Combining the DSL and Processor API of Kafka Streams
The Kafka Streams library consists of two API’s:
- The high level, yet powerful Domain Specific Language (DSL). There you’ll find the KStreams, KTables, filter, map, flatMap etc. If you are familiar with the Java 8 Streams API you’ll find it easy to reason about this Kafka Streams DSL.
- The low-level, rather complex but full armed Processor API (PAPI) which gives you all the power of Kafka Streams. Here you’ll have to route your messages from a source (input topic) via processors to a sink (output topic). The DSL is built on top of this Processor API.
For most use cases I’d like to stick to the DSL. It is expressive and self-explanatory.
KTable<String, Action> actionKTable = new KStreamBuilder()
.stream("actions_topic")
.mapValues(Actions::gunzipAndDeserialize)
.groupBy((key, action) -> action.getId(), Serdes.String(), ThriftSerde.forClass(Action.class))
.aggregate(..., "aggregate_store");
But there are scenario’s that you cannot express with the DSL, e.g.

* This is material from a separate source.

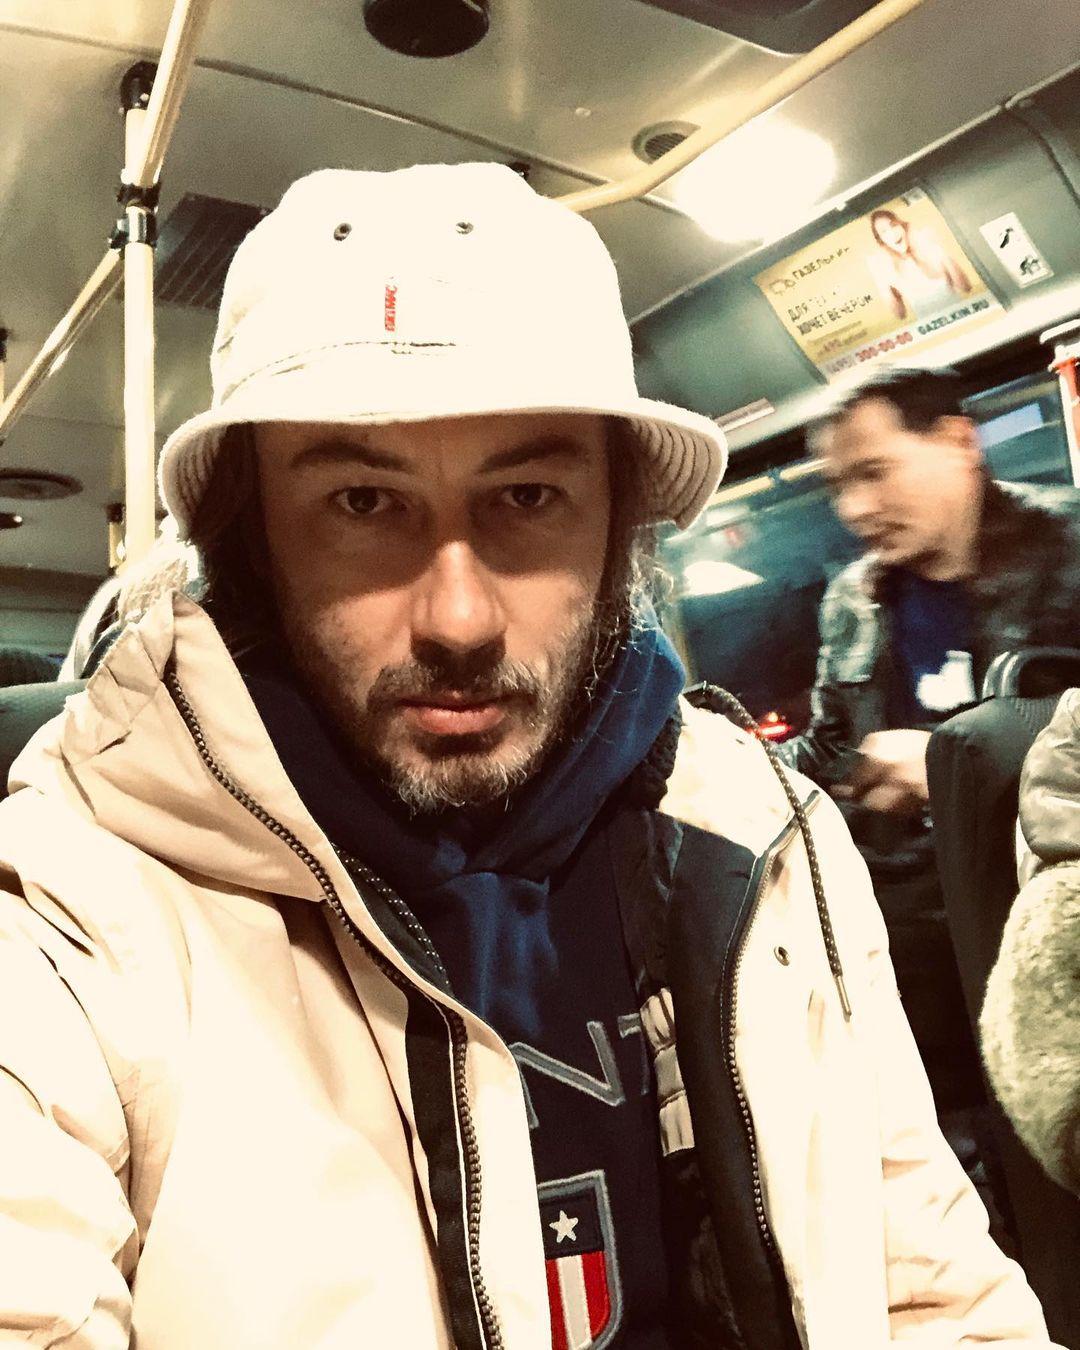 Дмитрий Анохин. Фото: @choovibro

- Fan out multiple messages based on one incoming message
- Producing messages based on timing of overall processing, e.g. every 100 messages, every minute, invalidate state after a while…
- Write access to the state store of a KTable
In these cases it might be interesting to attach one of these powerful processors to the KTable result stream. (Heads up! You can only attach Processors to KStreams, so you’ll have to transform the KTable to a stream.)
actionKTable
.toStream()
.transform(() -> new ExpireActionsTransformer(), "aggregate_store")
.to(Serdes.String(), new ActionSerde(), "output_topic");
In the code example below, I show you how the PAPI Transformer can
- access the state store
- generate messages (fan out) via the ProcessorContext
- schedule itself to be executed every once in a while. (schedule method on the ProcessorContext). The punctuate method is called every x time units based on the message timestamps (Heads up! This is event time, not wall-clock time.)
public class ExpireActionsTransformer implements Transformer<String, Action, KeyValue<String, Action>> {
private ProcessorContext context;
private KeyValueStore<String, Action> subscriptionsStateStore;
@Override
public void init(ProcessorContext context) {
this.context = context;
// schedule this transformer and call this processor's punctuate() method every 1000 time units.
this.context.schedule(1000);
// full read/write access to the KTable state store
this.subscriptionsStateStore = (KeyValueStore<String, Action>) context.getStateStore("aggregate_store");
}
@Override
public KeyValue<String, Action> transform(String key, Action value) {
// transform key and/or value or use context.forward to produce multiple messages
return new KeyValue<>(key, value);
}
@Override
public KeyValue<String, Action> punctuate(long timestamp) {
...
context.forward(key, expiredAction);
return null; // method should always return null
}
@Override
public void close() { }
}